My mind started playing out the scenarios. What if he was lying under the deck, his heart lying next to a bear that was licking its fingers? Was if he was killed by a wolf or, worse yet, shot by a drunken neighbor? Even though we were secluded, I saw some house lights about a half mile up the dirt path. What if a crazed and boozed redneck came down to use my poor husband as part of some twisted hunting experiment?
How would I survive? I mean, sure, I have cable and some wine and salad, but how long could they possibly last? I’m much too afraid of heights to drive down the dangerous road that gets us up to this God-forsaken mountain paradise. What if my cell phone service, tenuous at best, goes completely cold? Thoughts of “The Shining”, “Poltergeist” and “Private Benjamin” come rushing into my brain like a cranial tsunami. I start to sweat.
“DAN! DAN!” I’m about to fly down the stairs and out the sliding glass door to call to him, like Barbara Streisand in “A Star is Born”, when I spot him. He peeks his head through a tiny opening in the glass and says, “Yeah, sshhh, yeah, what’s up?” He looks a bit maniacal.
“What are you doing?”
“In the dark?”
“Yeah, yeah, what’s up? I gotta go.” It’s like his car is double-parked in Times Square and an angry cop is making his way over on horseback. I look out at the blackness.
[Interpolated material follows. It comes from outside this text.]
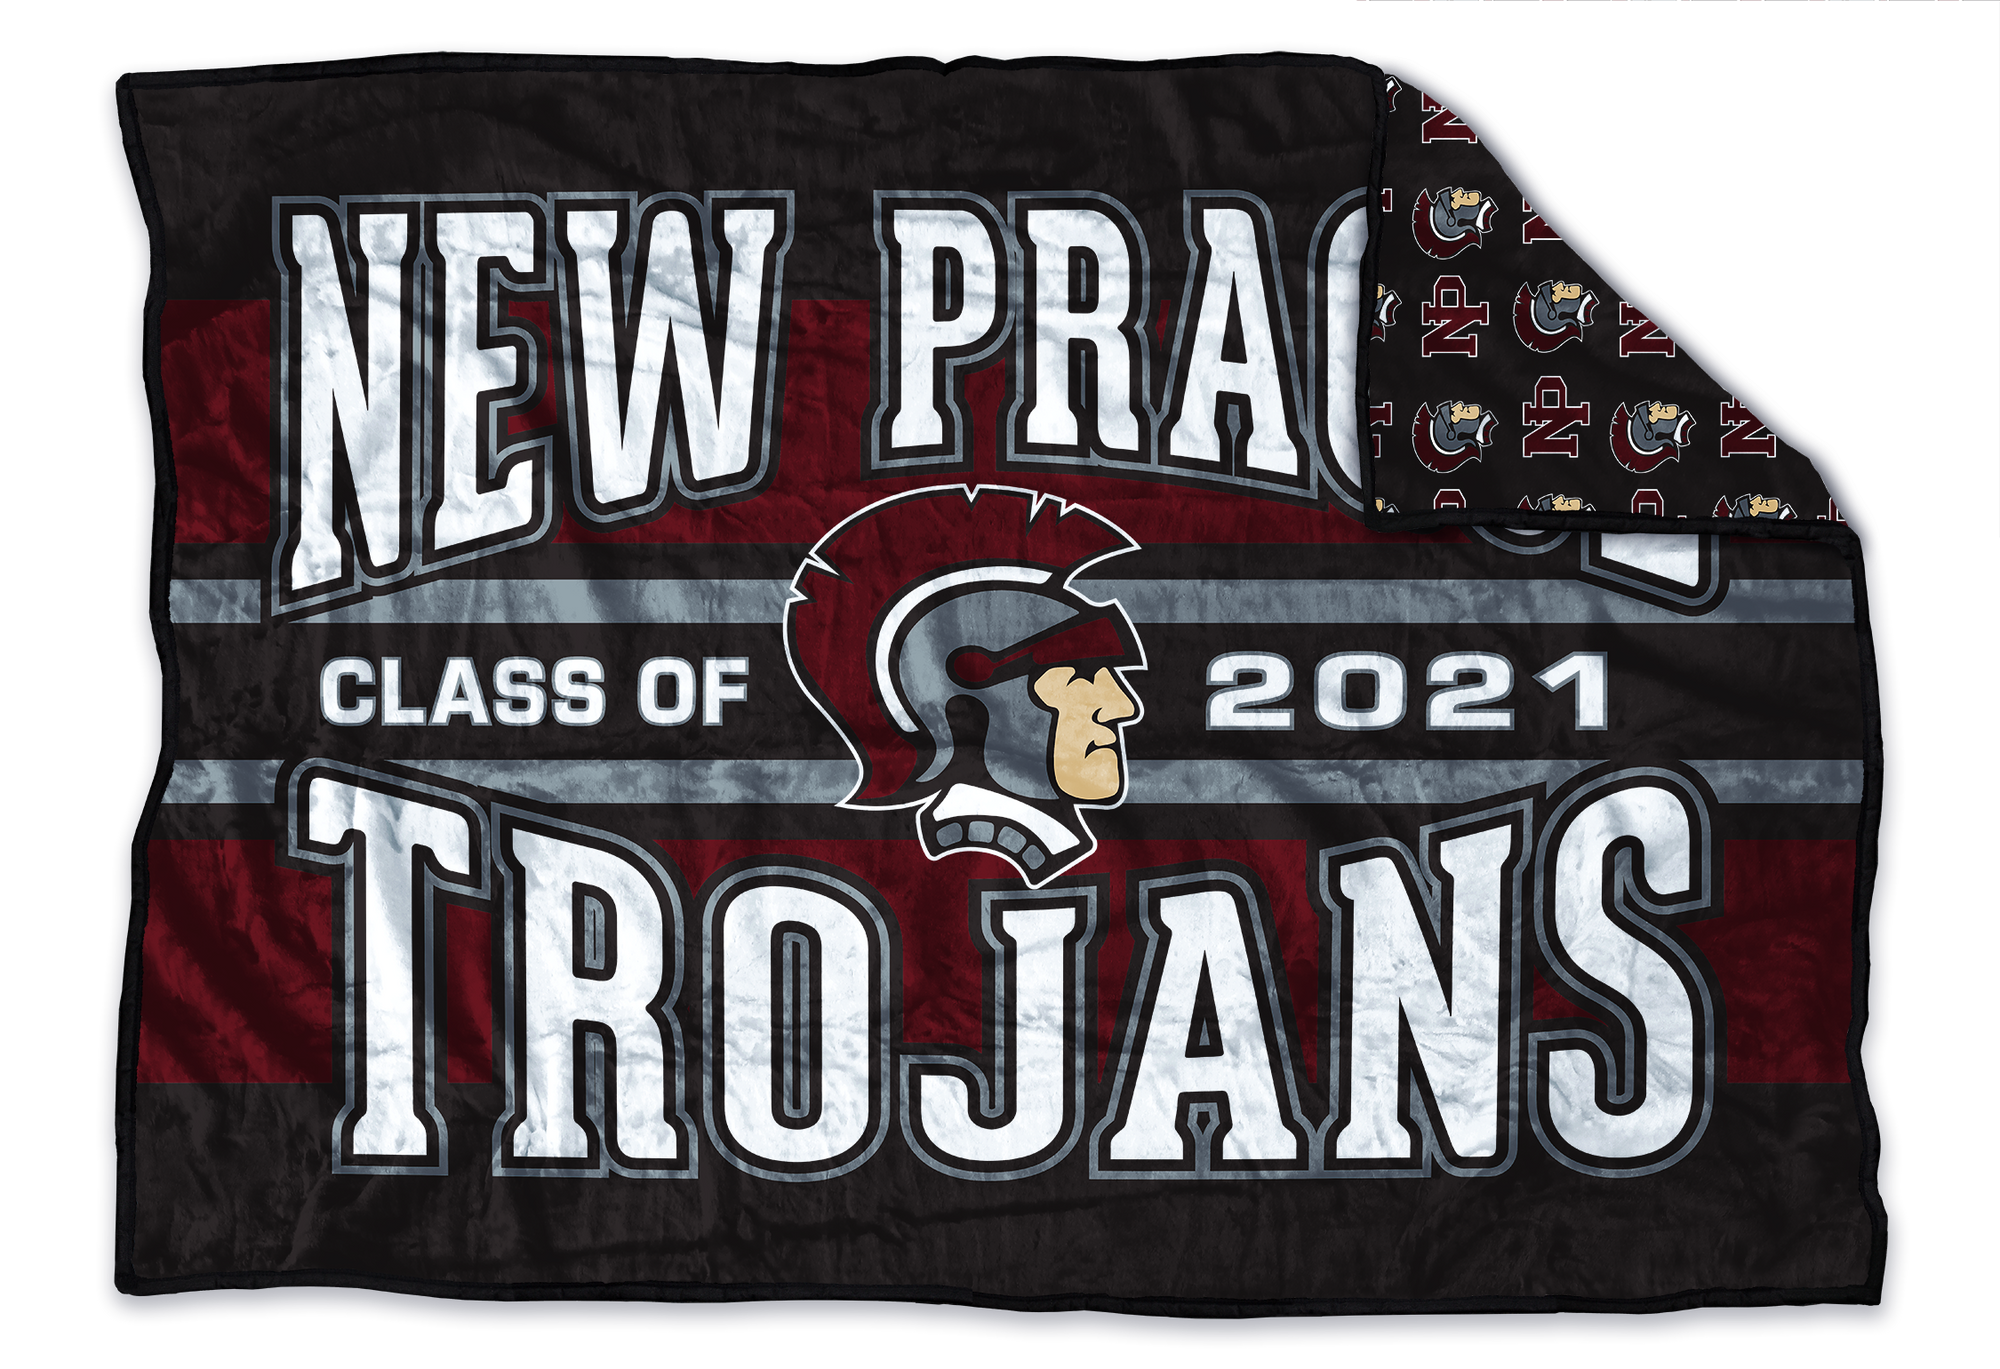 New Prague Trojans Sr. 2021

“You’ve been out there for almost an hour.”
“Yeah, I know.”
“Are you smoking pot?
“What? No. Of course not. Do we have pot?”
“Babe, I’ve gotta go. Wassup?”
“Well, it’s just that you’ve been out there for a long time.”
“Yeah, okay, I’ll be up in a few. K? Everything’s fine. Go back to bed.”
I listen to Samantha Harris give Mario and Karina their scores on “Dancing with the Stars” from the television upstairs. A 9.8. Not bad.
“I’m not sleeping, Babe, I’m wondering where you are and why you’re standing out there in the dark.”
“I’m listening for bears. I think I hear something, although I can’t tell if it’s just a bunch of squirrels or possums or what. But I have to be in the dark and perfectly still to get any of these animals to come forward.”
“Are they on trial?”
My husband has been obsessed with seeing a bear since we arrived. Unfortunately, all we’ve seen is several stray dogs and one dead possum. Of course, he stopped for 12 minutes to examine it, while I remained in the car, dry hurling.
“What if you actually attract a bear? And he eats you. How will I pay for our new house by myself?”
“Hon, don’t be ridiculous. That’s not going to happen. I’m a black belt and a survivalist.”
It’s true, he has not stopped instructing me on what to do if a bear backs me into a corner. Course, I can’t remember. Besides, I keep telling him that there are no bears at the coffee shop, the sandwich shop, or on the Smoky Mountain train ride, but it hasn’t slowed him down any.
“Yeah, I guess you could always give the bear a good roundhouse kick and be done with it.”
We’re in trouble.
“Right, right. Is that it? I’ll be in soon.” And with that, he slides the glass door shut and I let him. After all, it’s his vacation too. And if he wants to spend some of it standing alone in the dark on a mountaintop for 45 minutes in the hopes that some critter will come and do a jig for him, well then, so be it. Letting the other person be who they are is what marriage is all about, right?
I, on the other hand, see that as redundant. After all, most days, I already feel like I’m out on a limb in the dark waiting for something extraordinary to happen (especially when it comes to writing). There are truly lessons in everything, aren’t there?